Resgate
Vejo imensidão nos mares...
Inquietos,
Ondulantes...
E ouço gritos lancinantes
de mulheres dando à luz...
Vejo homens curvados e doentes
chorando anos que não voltam,
como voltam os dias quentes...
Vejo a lua no seu eterno renovar singelo
Minguando,crescendo e envelhecendo em tons de amarelo...
Vejo tudo isso e muito mais
nos meus dias vazios
que só se enchem nas noites
em que vejo a lua desnudar-te
e em que sinto a chama
da tua proximidade branda
e te enlaço terno e bruto na varanda,
carregando-te manso e ansioso
para o local de amar-te!
Então tu,
desabrochas mulher
por entre os meus dedos nervosos
que te querem toda ao mesmo tempo,
indecentes!
Indecorosos dedos que te procuram
loucos e gulosos
na floresta do monte que te antecede...
Entre as tuas doces montanhas de carne,
terra a mim prometida,
vale onde habito,
ocioso,
com os meus lábios...
Choro em teus braços magros
as minhas incertezas,
os meus poemas inacabados
por falta de mais presenças tuas...
Por falta dos teus olhos serenos
que me devolvem a calma...
Por falta dos teus cabelos sedosos
que passeiam o meu peito nu,
e por falta das tuas mãos
que me penetram a alma
e da tua boca que me alimenta de abandono...

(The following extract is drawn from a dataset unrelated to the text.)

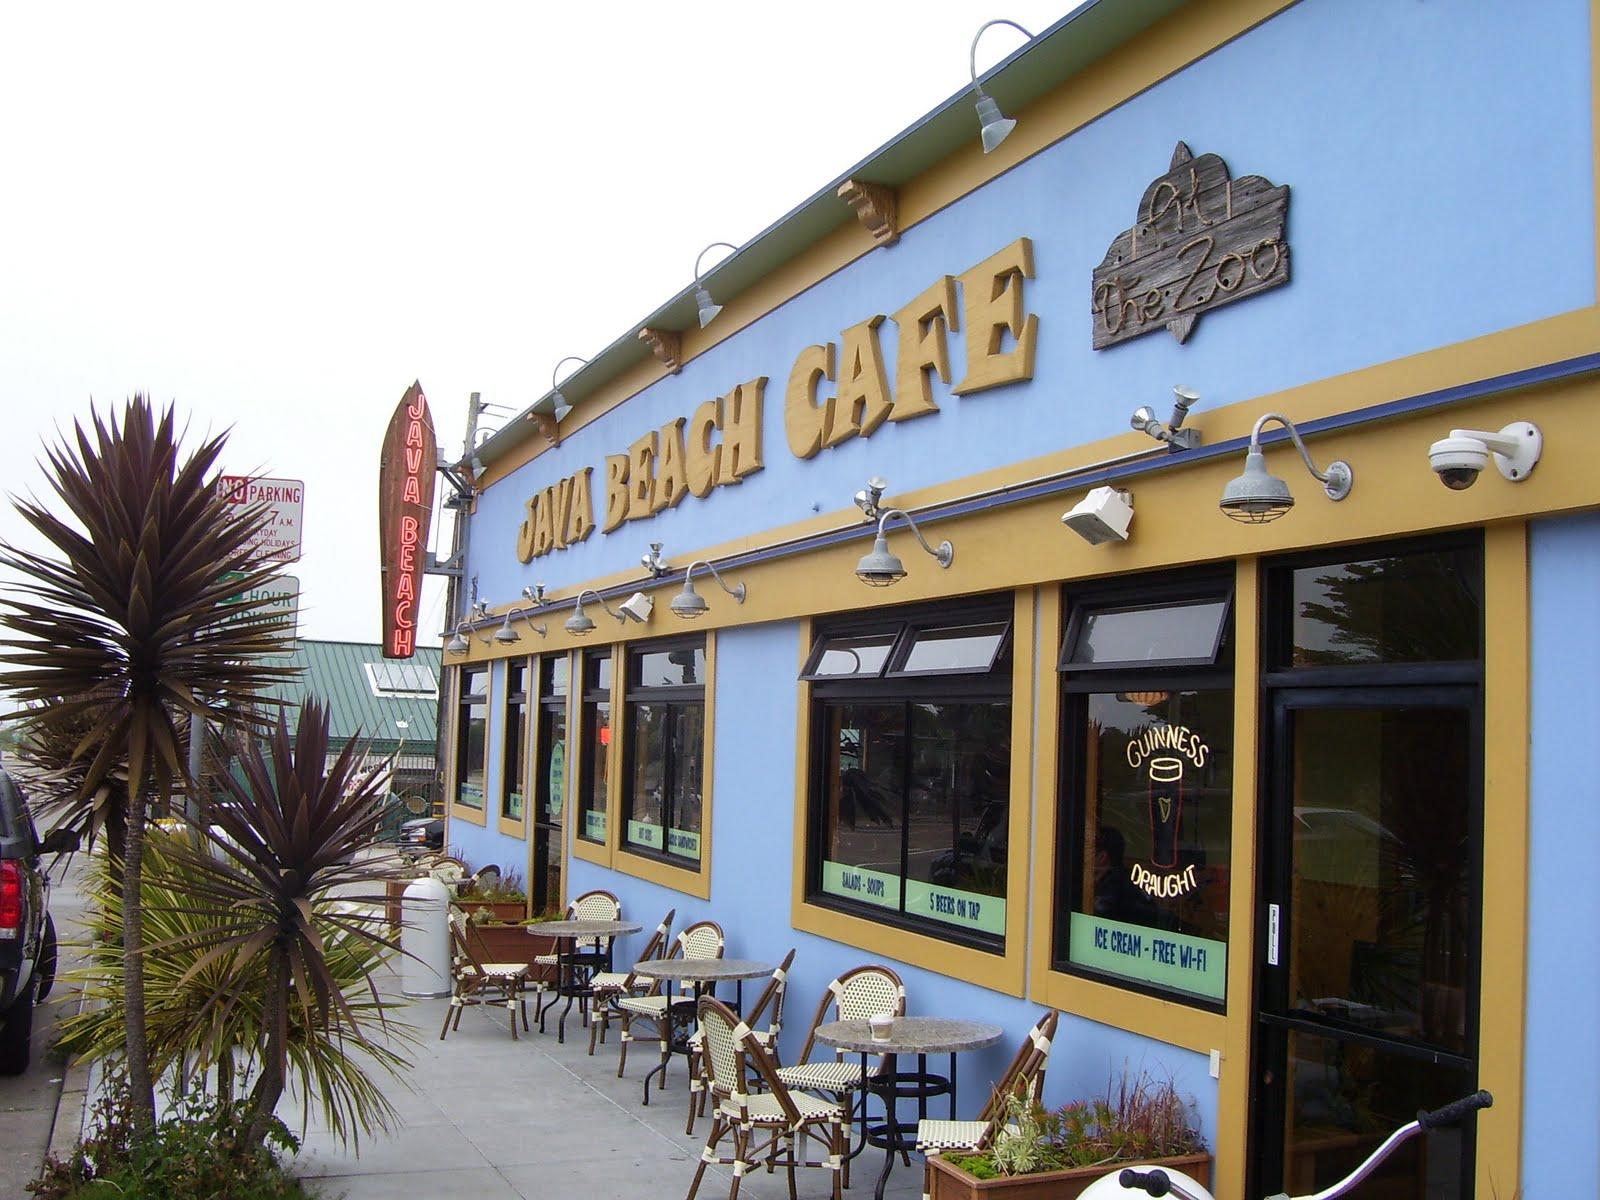 Top-quality coffee, lunch fare and sweets make Java Beach a favorite destination near Ocean Beach.

Fico triste ao imaginar-te longe,
tu que me fazes ser com a lua,
crescendo, minguando, envelhecendo e remoçando...
Sinto no meu rosto
as rugas da tua próxima ausência...
Tenho de amar-te rápido
porque a hora se aproxima...
Não poderei de novo acabar o meu poema...
Ofuscas-me!
Fico sem rima,
sem verso nem lema...
Fico exausto ao percorrer-te nas viagens
em que vou e volto com prazer...
Porque a tua pressa é grande
e só ficarão imagens,
logo que vás juntar-te ao amanhecer...
Deixa-me pensar que és uma ilusão,
deixa-me apagar os vestígios desta aliança...

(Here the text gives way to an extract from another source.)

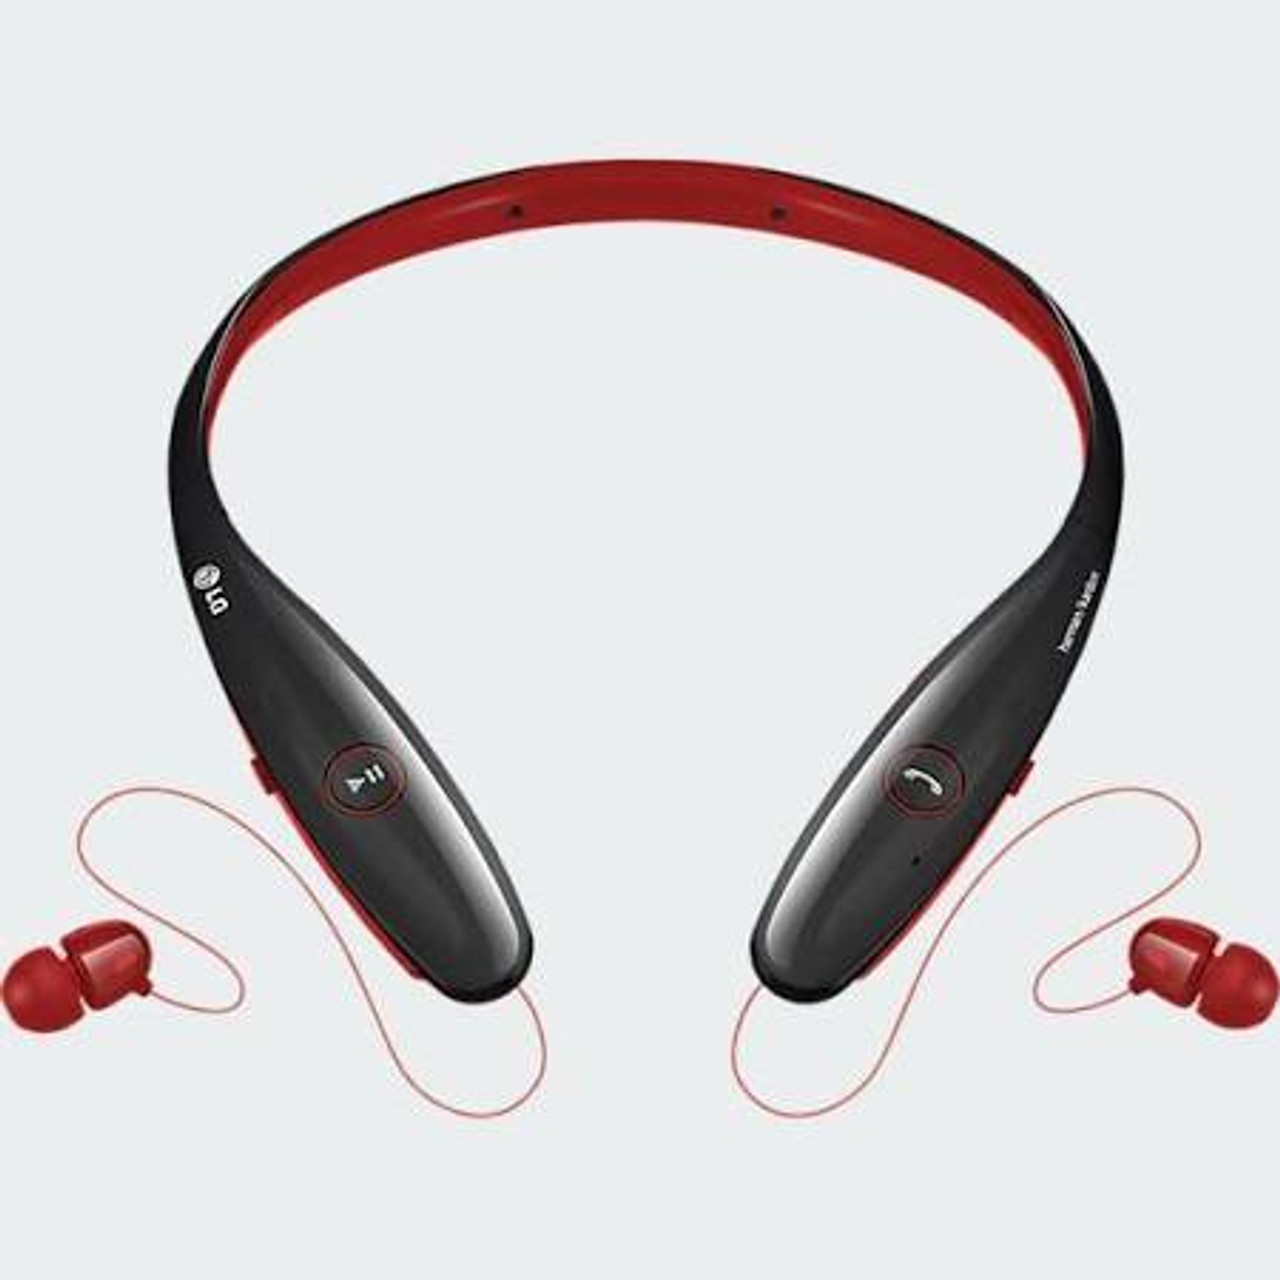 Red Lg Hbs 900 Tone Infinim Bluetooth Headset Esurebuy Com

Deixa-me limpar da tua carne pura
o rubro viscoso que brota,acusador
de entre o teu ser,fonte da minha loucura
e do meu eterno sofrer de amor...
Deixa-me resgatar do teu límpido olhar
a cândida luminosidade que me cegou...
E quanto aos teus cabelos,
deixa-os voar
para que com eles voe
a dor que em mim se instalou...
Deixa-me ouvir as tuas risadas francas
e veste de novo as tuas vestes brancas
que num momento louco eu maculei,
vertendo lágrimas que não chorei...
Vai e leva o que me atormenta,
deixa-me só,
com imagens e contemplação...
Mas volta,
pois a minha alma não aguenta
quando me deixas
mergulhado na solidão...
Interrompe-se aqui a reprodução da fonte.